Точно так же обстояло дело и в то время, когда в Японию XVI века прибыли европейские миссионеры. Японцы предпочитали выучить латынь, но особой тяги к разговору на португальском, испанском или же итальянском не испытывали. Итальянец Алессандро Валиньяно отмечал необычайную тягу японцев к овладению письменным словом: «Даже несмотря на то, что латынь столь непривычна для них и хотя такие трудности таятся… ввиду несоответствия порядка слов и отсутствия терминологии… по своей натуре они настолько способны, искусны, обучаемы и прилежны, что это вызывает удивление, поскольку даже дети находятся в классе по три или четыре часа на своих местах не шелохнувшись, как если бы то были взрослые люди…»
Успехи, сделанные японцами в усвоении сначала латыни, а потом и других иностранных языков были налицо — японцы вполне свободно читали Библию и научные трактаты, но вот в разговорном языке особого прогресса замечено не было.
И вот так был сформирован стереотип отношения к иностранному языку, который жив и сейчас: знать язык — это уметь читать на нем, ибо именно чтение обеспечивает овладение важной информацией, до которой невозможно добраться иным способом. Этому принципу следует и Министерство образования и рядовой японец. И одними призывами к усовершенствованию образовательного процесса здесь не отделаешься.
Профессия толмача предполагает знакомство с самыми страшными государственными секретами.
Вот приехал японский премьер Танака в Кремль. Обо всем с Брежневым договорился, настало время для прощального приема. Дипломатическим этикетом заведено речи говорить в самом конце.
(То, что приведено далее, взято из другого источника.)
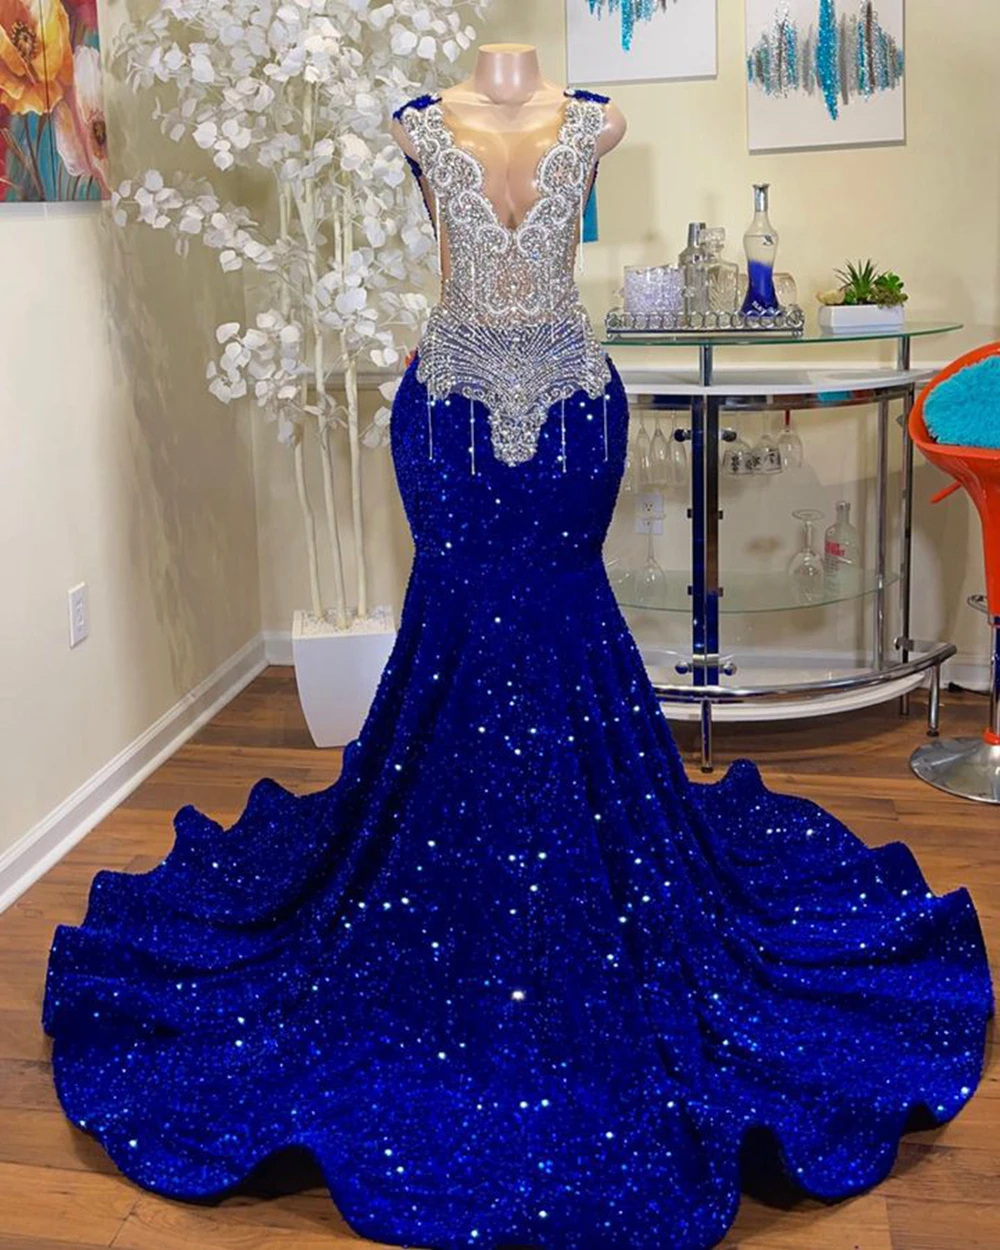 Prom Dress Floral, Mermaid Style Royal Blue Long Prom Dresses,Luxury Sparkly Crystals Diamond Black Girls
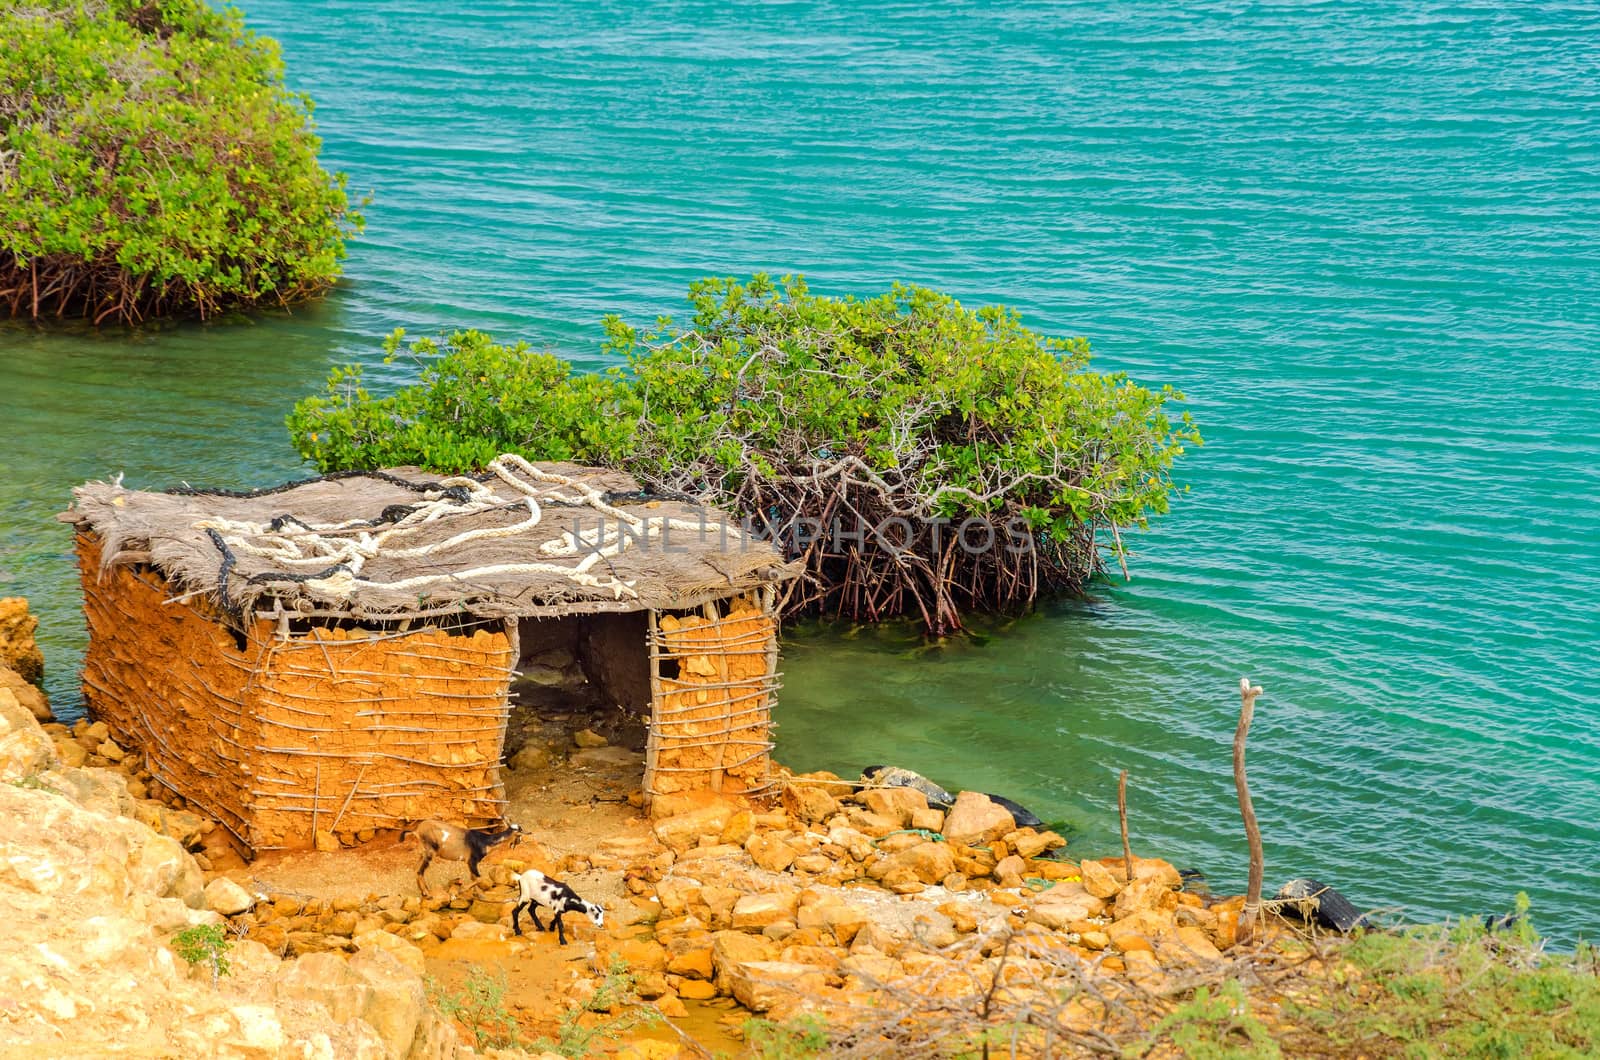 Two goats in front of a small mud shack near Punta Gallinas in La Guajira, Colombia

А придумано так с простой целью: чтобы высокие договаривающиеся стороны себя блюли и не пришли бы к финишу с заплетающимися языками. В тот раз, однако, Леонид Ильич пребывал в таком превосходном расположении духа — северные территории в который раз не отдали! — что предложил Танаке сначала соблюсти протокол, а потом уже журналистов из Грановитой палаты выгнать и посидеть теперь уже по-человечески.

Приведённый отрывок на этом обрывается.